Lesson structure (60 minutes)

  1. 0–5 min · Starter prompt. Teacher writes: “Why might a teenager think differently from a child, even when they feel the same emotions?” Students free-write for 2 minutes, then share in pairs.

  2. 5–15 min · Direct teach: Erikson vs Piaget snapshot. Teacher summarises Erikson (identity vs social-emotional development) and Piaget (cognitive stages). Students complete a quick comparison chart: “Erikson focuses on…, Piaget focuses on…”

  3. 15–25 min · Guided comparison activity. Teacher models one comparison sentence: “Erikson suggests…, whereas Piaget suggests…” Students work in groups to add 2 similarities and 2 differences, using sentence starters provided.

  4. 25–45 min · Timeline build (Erikson). Teacher distributes a blank Erikson timeline template (stages + age range boxes) and colour-coding key (identity themes). Students create a timeline showing all stages, ensuring the adolescent stage is labelled clearly, and add 1 short “what it looks like” example for each stage.

  5. 45–55 min · Quick teachback: apply to an adolescence scenario. Teacher reads a short case scenario (e.g., identity choices, peer pressure, future planning). Students choose 2 Erikson stages and 1 Piaget stage and explain how each theory would interpret changes (60–90 second spoken response per group).

  6. 55–60 min · Exit ticket.
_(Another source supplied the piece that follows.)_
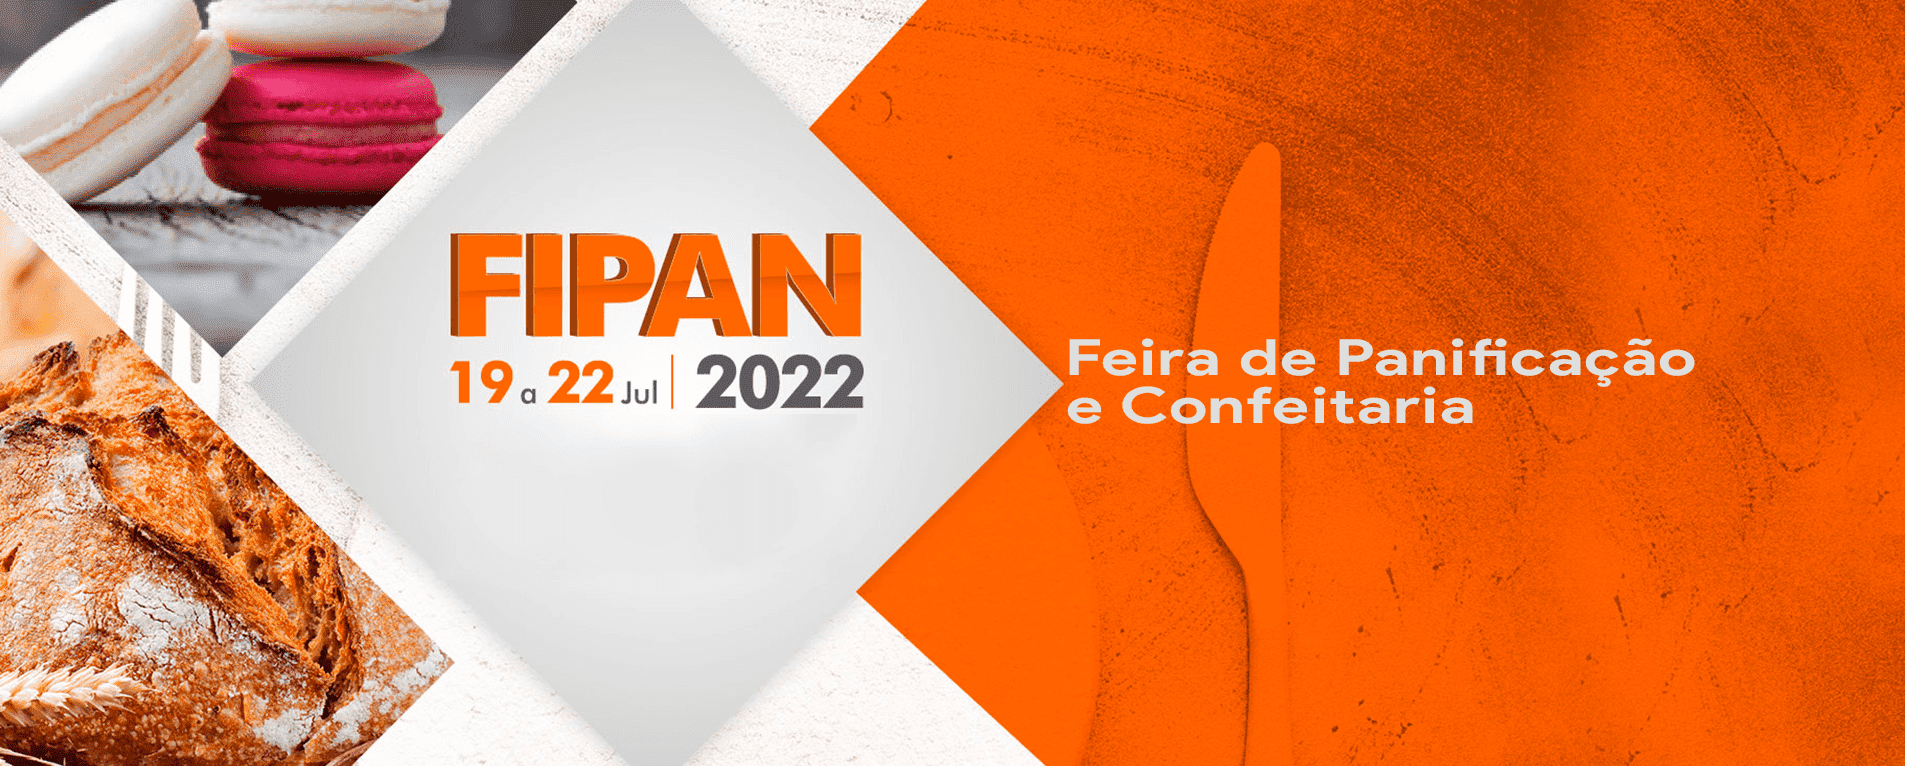 FIPAN 2022: Feira de Panificação e Confeitaria Será em Julho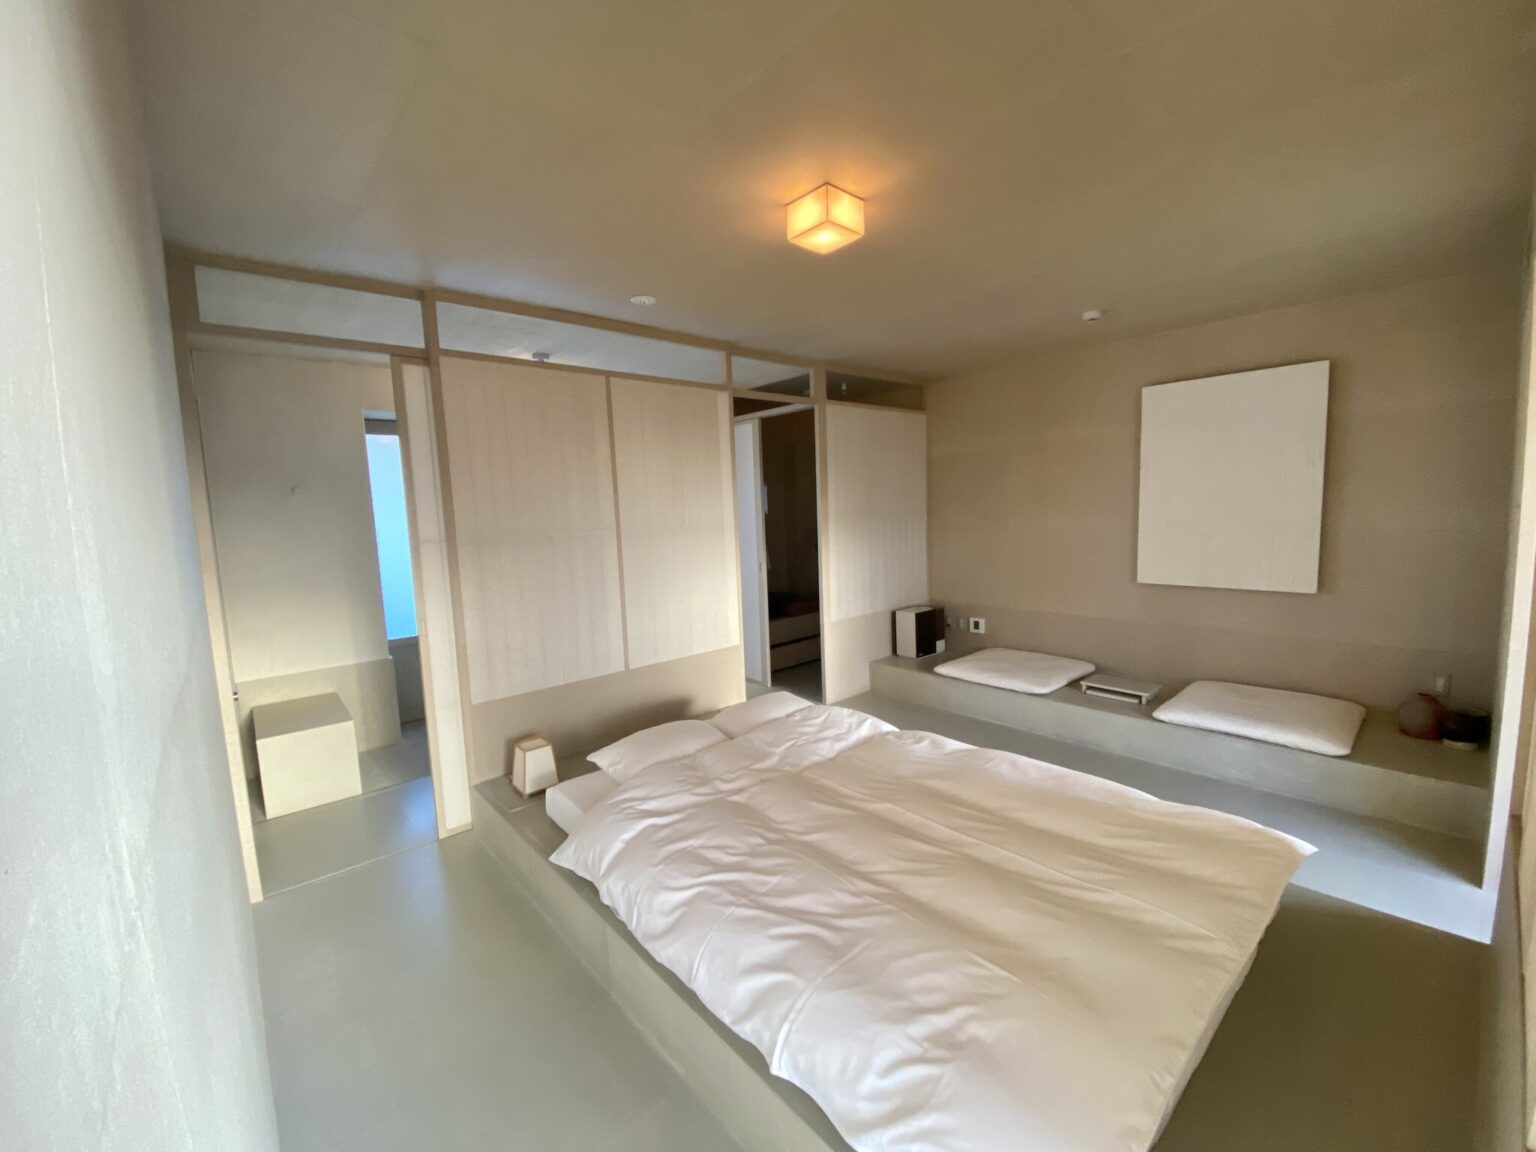 1ベッドルームは、部屋の中央にダブルサイズの布団が据えられている。

Students answer: “One similarity between Erikson and Piaget is… One difference is…” and submit their final comparison sentence.

Resources

  • Erikson timeline worksheet (with stage names, age ranges, theme prompts)
  • Comparison chart handout (similarities/differences, sentence starters)
  • Colour pencils or highlighters (visual learners)
  • Case scenario card (adolescence-focused)
  • Student notebooks or digital doc for working
  • Timer and group number cards
  • Reference sheet of Erikson and Piaget stage summaries (teacher-made, no internet links)

Assessment

  • Teacher circulates during the Erikson timeline build, checking for correct stage order, age ranges, and key themes.
  • During group comparison, teacher listens for accurate similarities/differences and purposeful theory language.
  • Exit ticket checks whether students can produce one similarity and one difference clearly (formative assessment for next lessons).

Differentiation

  • Visual learners: colour-code stages on the timeline and use icons (e.g., identity symbol for Erikson adolescent stage).
  • Sentence starters: provide scaffolds for comparison statements (“Both theories suggest… / In contrast…”).
  • Support: provide a partially completed timeline for students needing guidance (e.g., stage names filled, students add age ranges and brief examples).
  • Extension: challenge students to add a short note: “How would the scenario change if the person’s cognitive development matched a different Piaget stage?”
  • EAL/SEN: allow responses in pairs first (then one person writes/speaks), and encourage use of key terms on the provided reference sheet.